В руках у мальчика сетки, а в сетках кастрюльки, одна побольше, другая поменьше. По мальчику, как по Канту, можно сверять часы. Потому что он идет в столовую, которая открывается после перерыва в три часа. Мальчик не хочет стоять в очереди, потому приходит ровнехонько к открытию столовой. Там со скидкой в двадцать пять процентов отпускаются обеды на дом.
И что удивительно: мальчик не стесняется носить эти сетки с кастрюльками через весь город. И этому есть объяснение: он сознает себя кормильцем. Да, узкие покатые плечи, нечистые шаровары (они не стирались, они просто выбрасывались, когда снашивались до дыр), опорки в галошах, в руках сетки - сирота.
Это его ежедневный маршрут в течение двух лет, пока мальчик не стал подростком и не начал взбрыкивать - ему надо было проходить мимо окон Светы Панченко, в которую он был тайно влюблен.
И что еще удивляет: над мальчиком никто не смеялся, даже одноклассники. Опять же - сирота. Почти все росли без отцов, но они отцов и не знали, а тут положение особое - мальчик растет без матери, которую хорошо (о, даже слишком) помнит.
И мальчика в столовой ни разу не обсчитали. А потому что все официантки, и повара, и буфетчицы поочередно спрашивали: а где твоя мама? Она лентяйка? Нет, ответ, полный сдержанного достоинства (и это достоинство чуть подчеркивается, но лишь в той мере, чтоб достать сердце спрашивающего и не отпугнуть его стыдом), нет, моя мама не лентяйка, она умерла.
Излишне говорить, что мальчику дают куски получше и побольше. Потому что мальчик - живой пример другим детям.
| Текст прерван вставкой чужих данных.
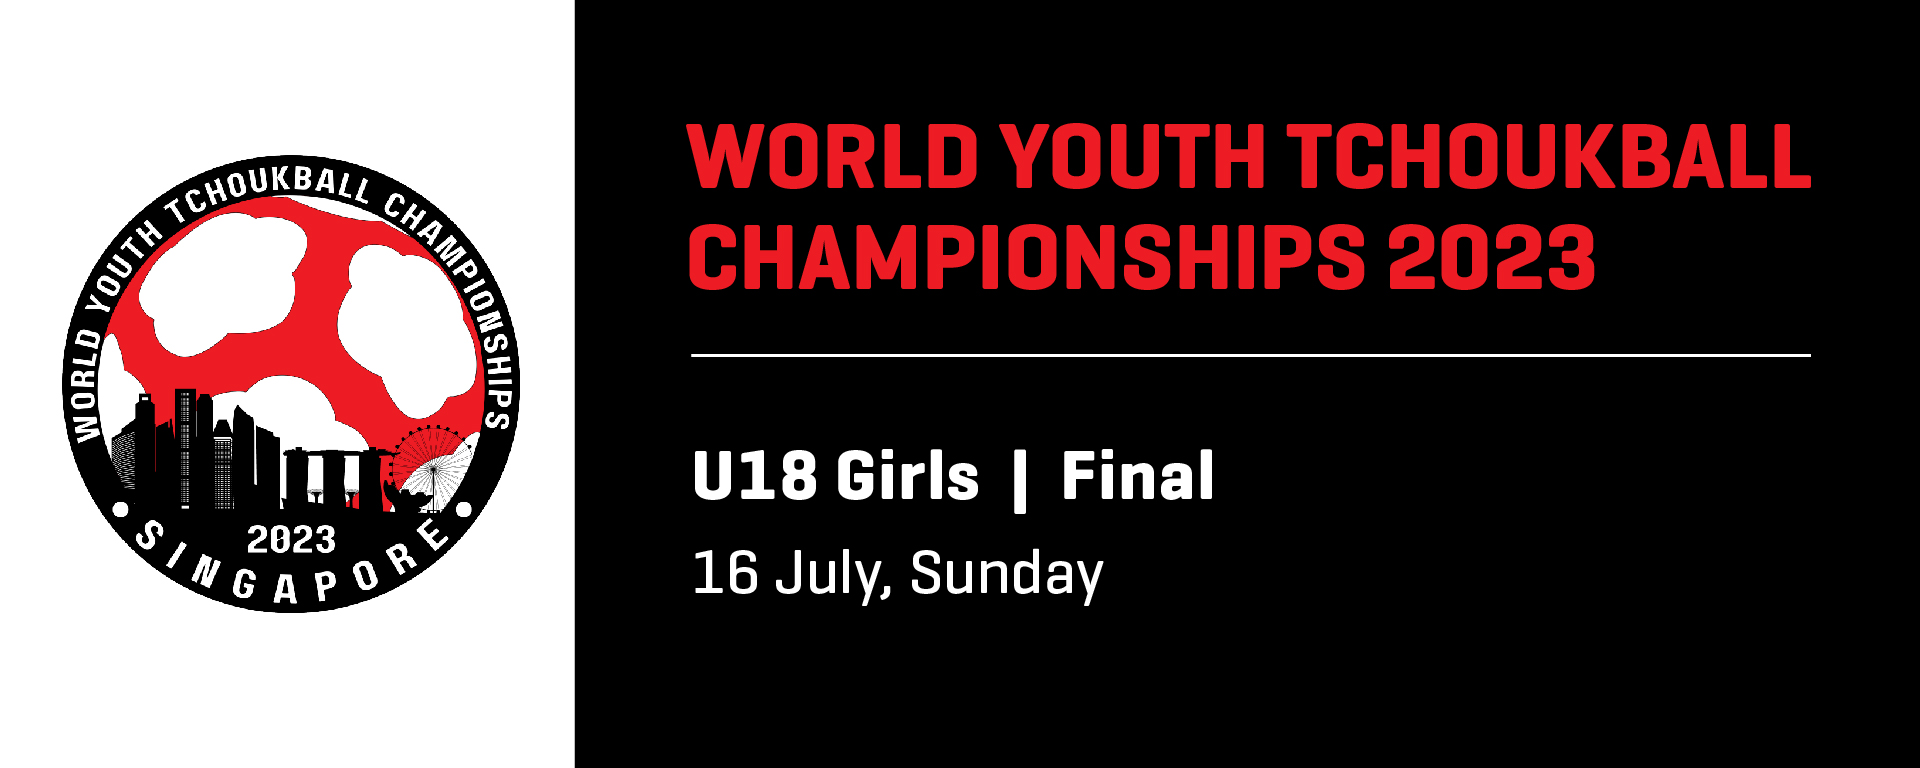 World Youth Tchoukball Championships 2023 | U18 Girls Final | Singapore vs Macau

Вот он растет без матери, а не хулиган, вежливый и честный.
Да, честный. Однажды он выкинул номер: буфетчица передала ему десятку, и на следующий день мальчик ее вернул. Чем поверг всех в изумление - в среде, где упавшее с воза законно считается пропавшим, возврат денег - явление необычное. Так что некоторое время посудомойки выглядывали увидеть такого необыкновенного мальчугана.
Он сейчас напоминал мне маятник. И я хотел погладить мальчика по стриженой голове, я хотел заглянуть в его глаза, я хотел спросить, знает ли он, что ждет его в дальнейшей жизни.
И это так просто, одной минуты достаточно, чтоб проскочить время от того мальчика до меня, сегодняшнего. Только поставь пластинку со словами "Студенточка, заря вечерняя" или же "Я понапрасну ждал тебя в тот вечер, дорогая", и отлетят тридцать лет.
На что ты надеешься, мальчик? На бесконечный праздник? На то, что если захочешь есть, в любой момент сможешь это сделать? Знаешь ли ты, что станешь доктором и иного дела у тебя не будет? И в сорок три года ты получишь инфаркт.
Мне стало невыносимо жаль мальчугана, и я проснулся от собственного стона.
- Что с тобой, Сева? - услышал я испуганный голос Нади.
Было утро, и в палату проникал с улицы жидкий свет.
- Все в порядке. Выходит, почти сутки продрых.
- Боль есть?
- Все в порядке. Только обалдение от лекарств. Ты всю ночь сидела?
- Подремала. Выпал глубокий снег.
Я неестественно выгибал шею, но увидел лишь клок тусклого неба.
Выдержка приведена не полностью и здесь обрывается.